Аналитический период привел художников к уничтожению изобразительной живописи. Ларионов создал теорию «лучизма», т. е. не изображение предметов, а лучей, исходящих от них. Кандинский отдался музыкальной живописи, в которой он стенографировал состояния своей души в данный момент с помощью цветовых пятен. Малевич создал супрематизм.

Эль Лисицкий. Папка «Фигурины».
Оформление оперы «Победа над солнцем».
1920–1921. Костюмы персонажей оперы.
Трусливые
Но начинается война, и связь России с Западом прекращается вплоть до сегодняшнего дня. Дальнейшее развитие русского искусства происходит на совершенно изолированных путях. Давайте рассмотрим базис, на котором росло русское искусство в последнее время. Две противоположных силы характеризуют современную Россию и находят свое выражение; близкая к земле, пестрая, еще средневеково изолированная деревня и еще не ясно выраженный, но уже с сильной тенденцией к американизации и необыкновенно быстро растущий город. Художники обратили свое внимание не на цвет, а сконцентрировались на материалах. Характер деревни, ее цветность, замедленный ритм жизни, делающий возможным подробное рассматривание, породили живопись чистого цвета и абстрактных форм. Эти веяния в конце концов кристаллизовались в чисто русской школе супрематизма, о которой мы будем говорить ниже. Влияние города было, конечно, другого рода, и оно приблизило русских художников к западноевропейским, особенно к парижским; они прошли период кубизма и искали его логического продолжения. Мы эти вещи понимали так: художник – это мастер, оперирующий краской как материалом. Абсолютная живопись настаивает на том, что больше нет необходимости записывать холст, перенося на него краску с палитры. Поверхности нужно подготавливать химическим и физическим путем так, чтобы они улавливали чистый спектральный луч и отражали его. Только тогда различные длины волн светового луча будут впечатлять нас чистотой цвета.
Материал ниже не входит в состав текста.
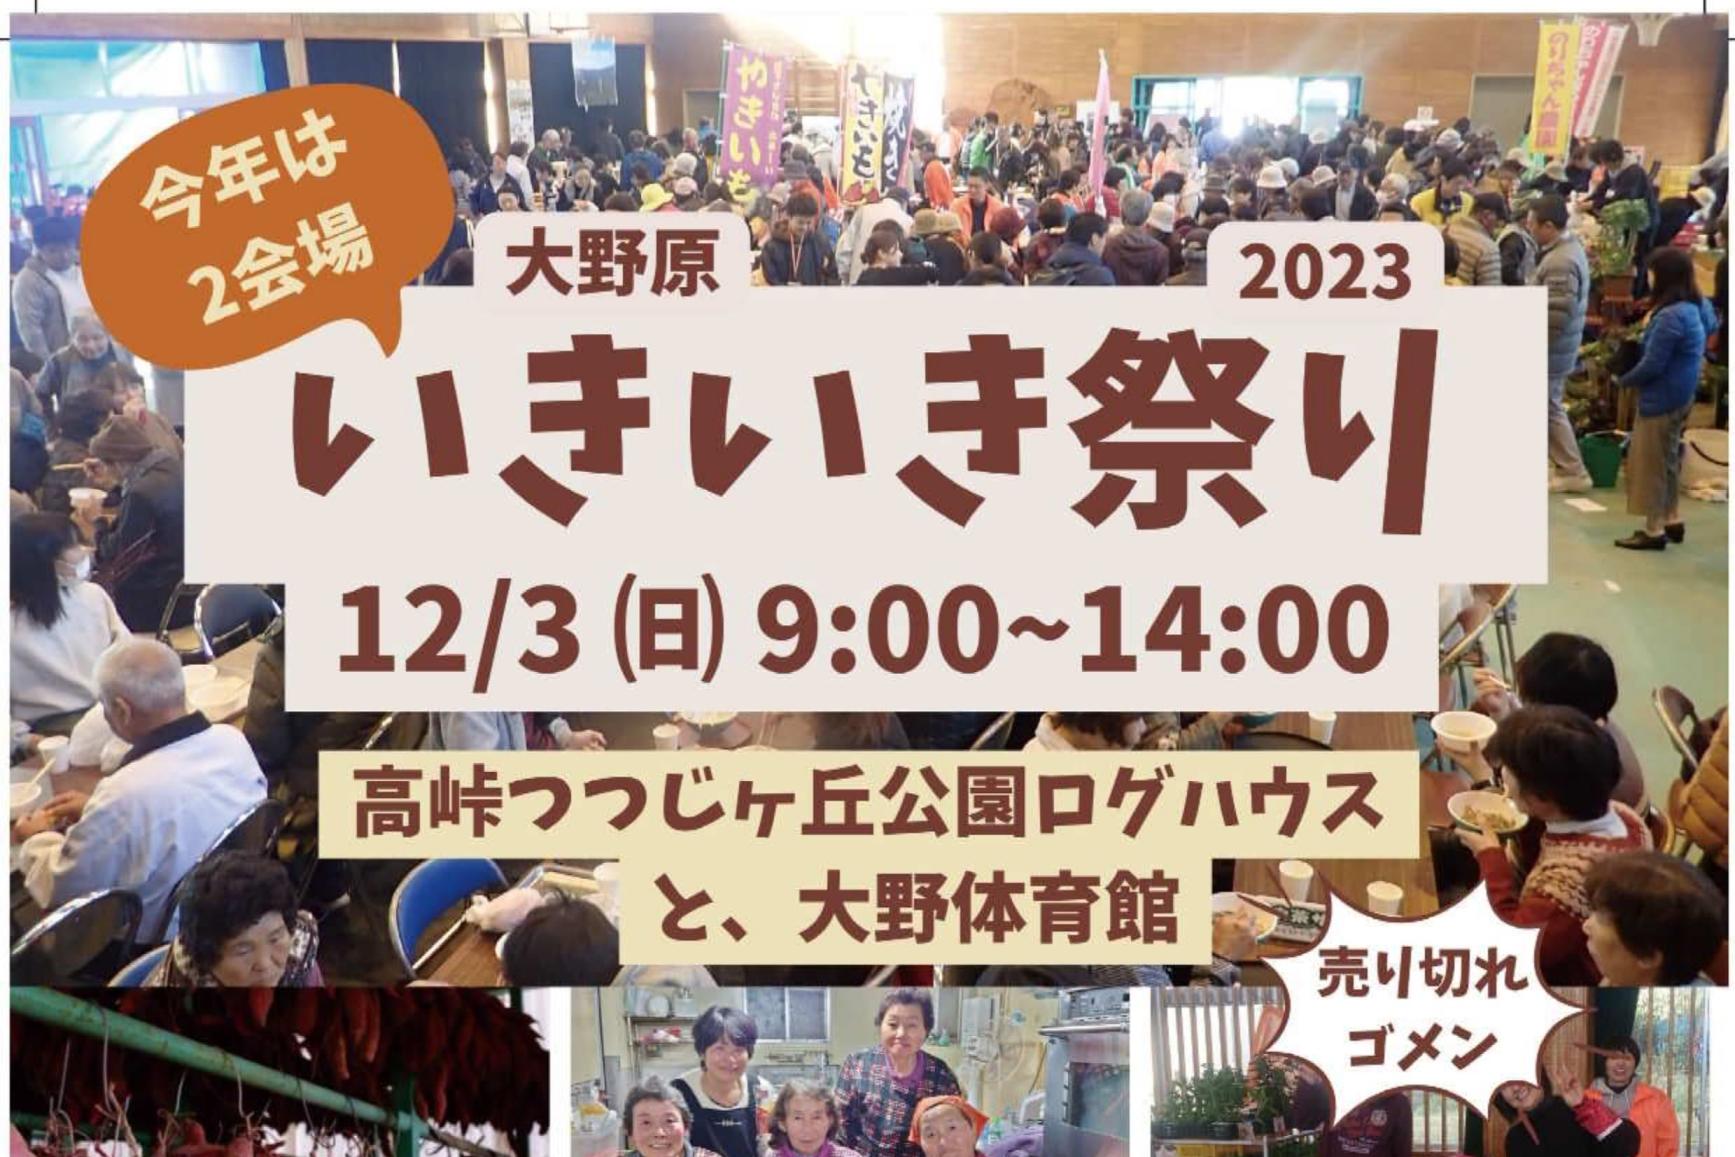 【2023】大野原いきいき祭り-1

До сих пор художник действовал иначе. Он брал цветоноситель, цветные глины, окрашенные порошки и смешивал их с помощью масла, клея, яичного желтка, что придавало краске определенную интенсивность. И это он переносил на холст. От этого действия мы получали эквивалент абсолютного цветового восприятия, но не сам цвет как таковой. Та ограниченность, при которой художник извлекает свой материал только из готовых тюбиков краски, – предрассудок, искусственно созданный фабрикантами, выпускающими краски. Современные художники в своих живописных намерениях усиления воздействия цвета и плоскости используют как киноварь, охру или кадмий, так и бумагу, мел, цемент, стекла, медь. Затем приступили к отделению от плоскости вышеперечисленных цветовых материалов, и таким образом возник живописный рельеф. Но в России внимание к живописным свойствам материала перешло в заинтересованность его органическими качествами. В борьбе против эстетизма художник нашел точку опоры в новом техническом материале. В этом заслуга Татлина, который сделал материал не только зримым, но и ощутимым наощупь. Он занимался проблемой осязания. В 1914 году им были созданы рельефы, основа которых еще была кубистической, но материалом служила штукатурка, стекло, железо и дерево. Дальше он порывает со всем, что связано с картиной на плоскости.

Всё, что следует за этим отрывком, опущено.